Parlons élections - Les Européennes 2024 en questions

Le Parlement européen contre la démocratie ? - Guillaume Sacriste

Le Parlement européen contre la démocratie ? - Guillaume Sacriste

Bonjour et bienvenue dans Parlons élections les européennes 2024 en question. Je suis Lola Avril et tous les mois nous discuterons avec des chercheuses et chercheurs en sciences sociales des élections européennes à venir. Dans ce septième épisode, j'ai le plaisir de recevoir Guillaume Sacriste, maître de conférences en science politique à l'Université Paris 1 un Panthéon-Sorbonne et co-responsable du Master Affaires européennes. Guillaume, vous êtes l'auteur d'un ouvrage qui est sorti la semaine dernière intitulé Le Parlement européen contre la démocratie. Repenser le parlementarisme transnational aux Presses de Sciences Po.

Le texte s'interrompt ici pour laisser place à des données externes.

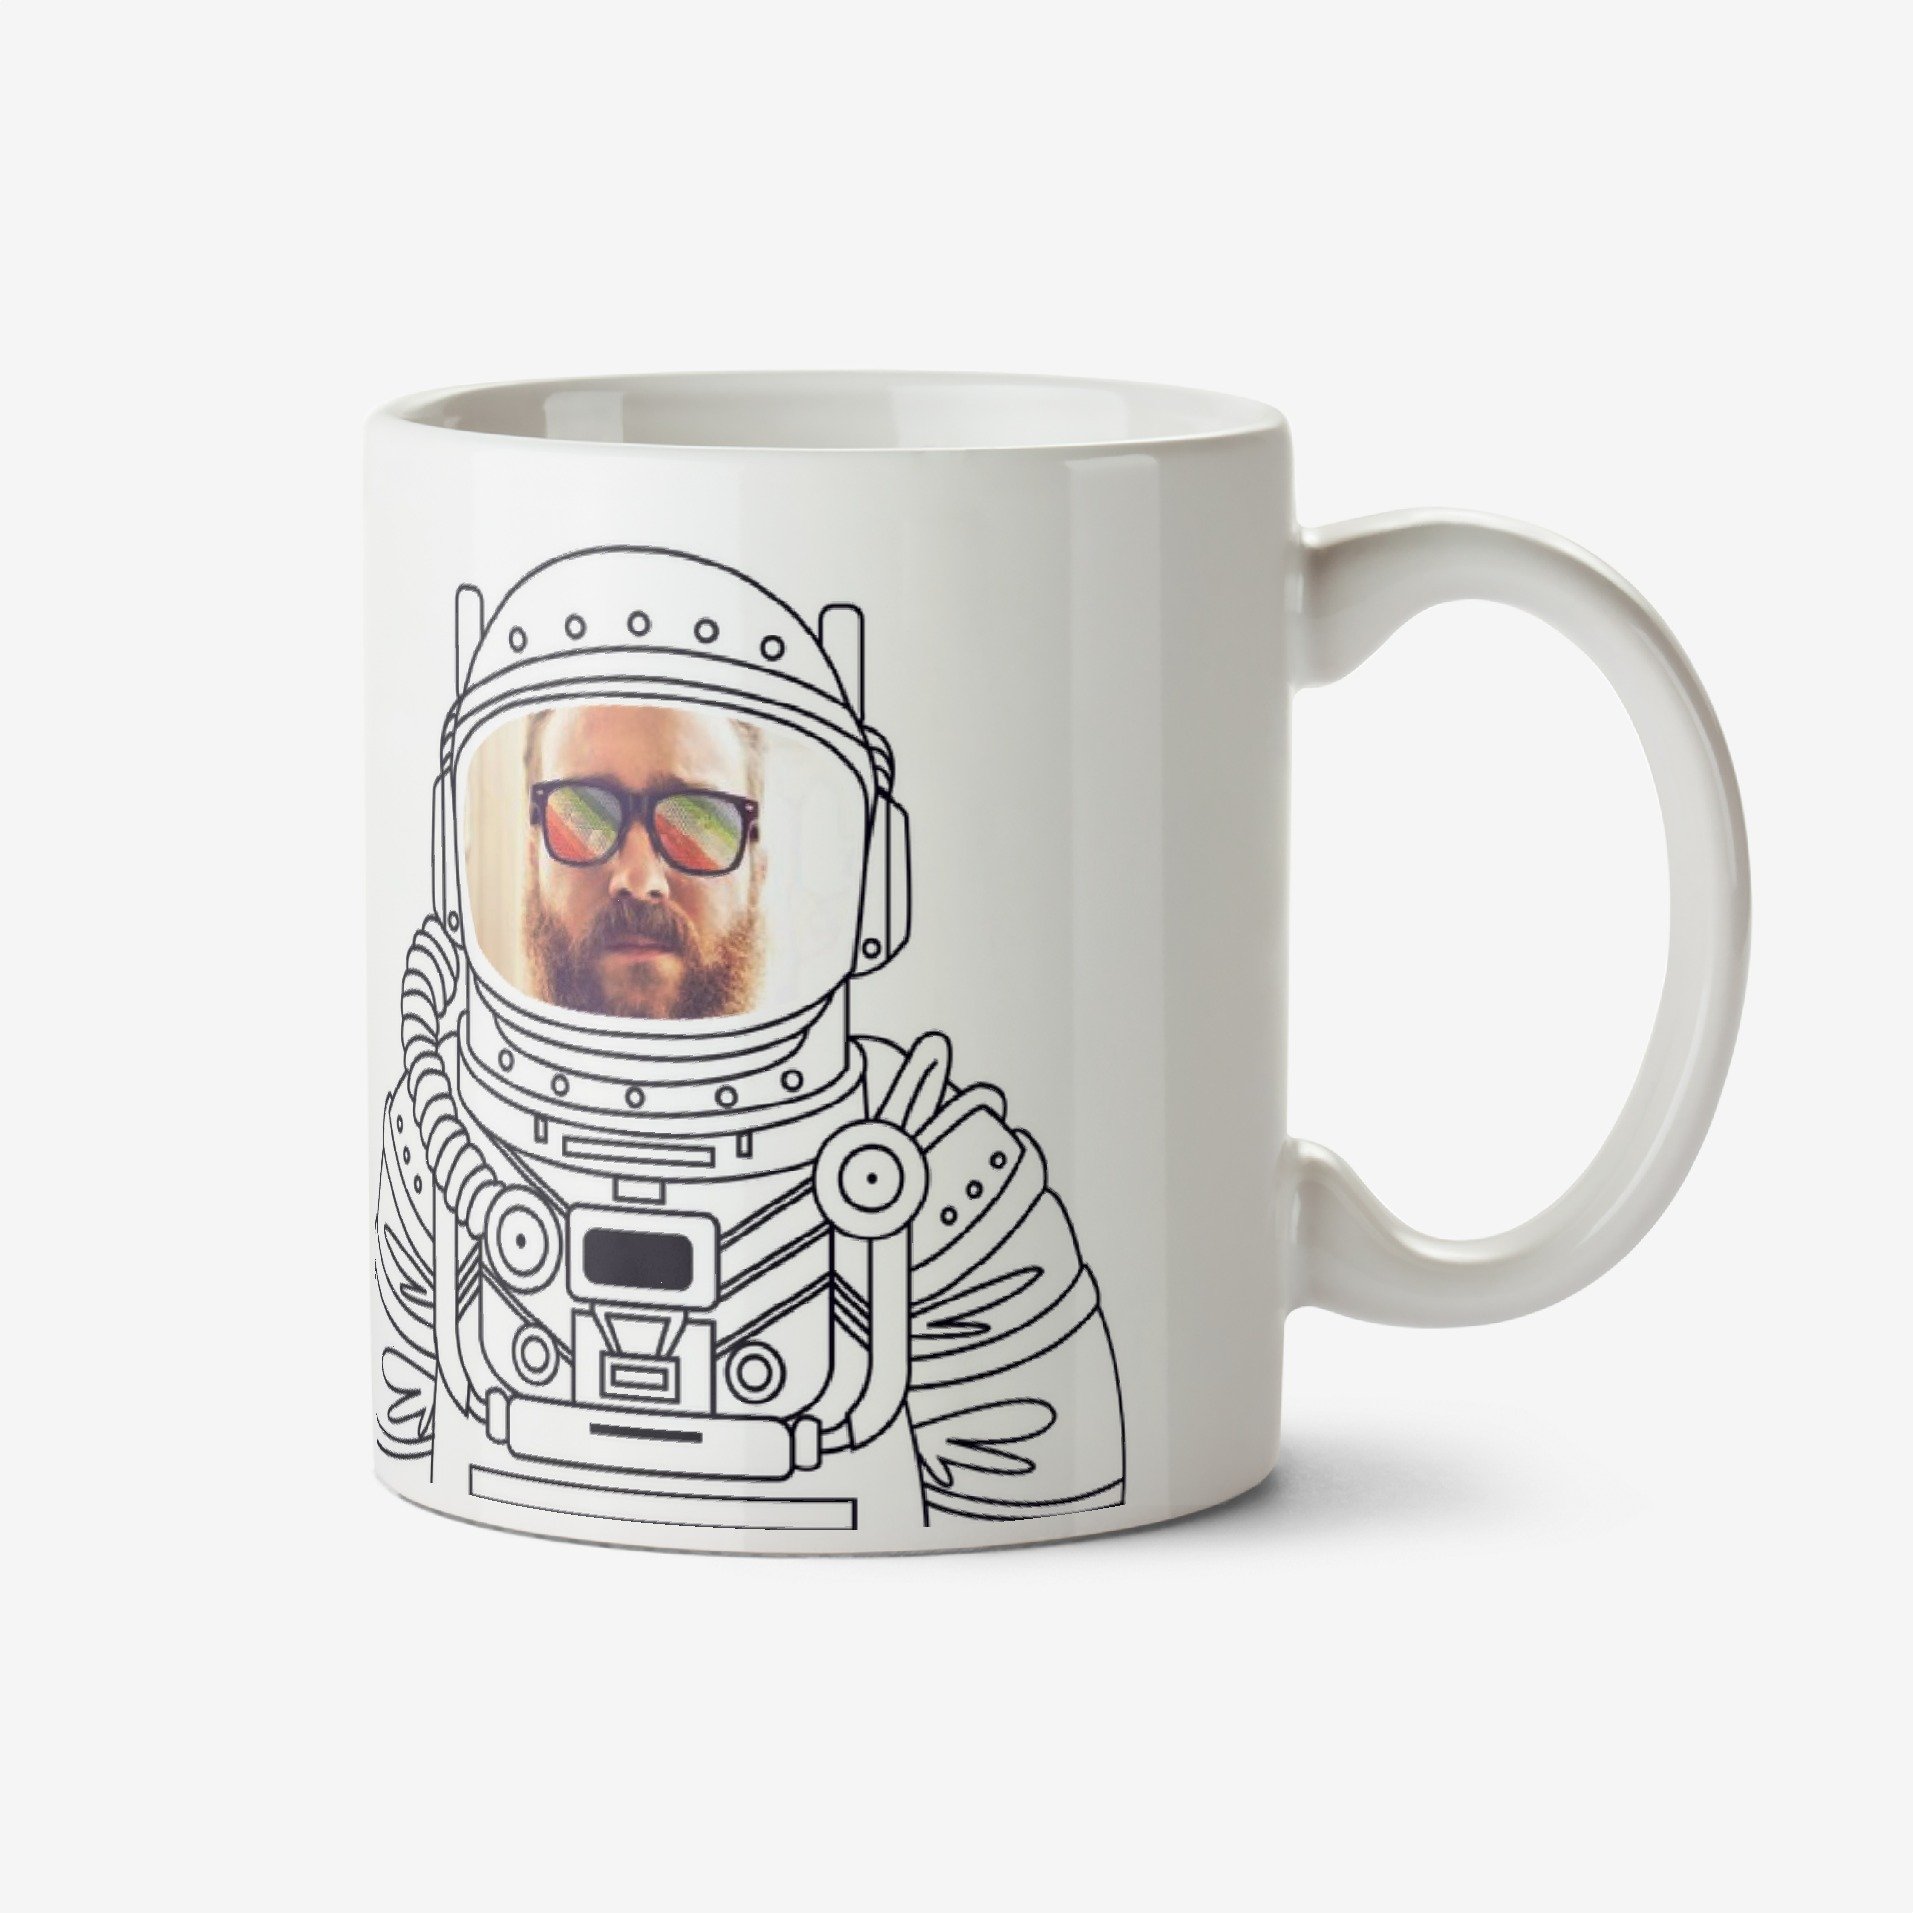 Moonpig I Like Space Man Photo Upload Mug Ceramic Mug

La montée en puissance du Parlement européen est largement documentée. Aujourd'hui, le Parlement est perçu comme le co-législateur au niveau européen. Est-ce que déjà cette affirmation du Parlement comme co-législateur - et qui serait l'équivalent presque d'une Assemblée nationale en France - est juste?

Elle n'est pas complètement fausse. D'abord parce que bien sûr, toute l'histoire de ce Parlement européen, c'est donc une montée en puissance, notamment de cette fonction, de sa fonction législative. Elle est aussi à moitié fausse parce que, quand on essaye de voir dans le détail ce qui se joue dans le processus législatif et donc de sortir un tout petit peu des seules règles juridiques qui donnent ce pouvoir de co-législateur au Parlement européen, on se rend compte - puisqu'il est co-législateur avec le Conseil - on se rend compte que finalement leur rôle est largement asymétrique dans le cadre du processus législatif.

D'un côté, on a des ministres, donc des membres des gouvernements nationaux qui vont devoir appliquer dans le cadre national la législation européenne. De l'autre côté, on a des parlementaires qui sont divisés et hétérogènes sur le plan politique et dont le rôle s'arrêtera au niveau européen. Et dans ce cadre-là, on peut dire que dans le processus de co-législateur, si le pouvoir juridique est égal entre les deux institutions, le Parlement européen doit nécessairement respecter les accords préalablement définis au sein du Conseil et ne peuvent s'écarter de ces accords qu'à la marge, sous peine que la législation européenne ne soit pas effectivement mise en place dans les cadres nationaux.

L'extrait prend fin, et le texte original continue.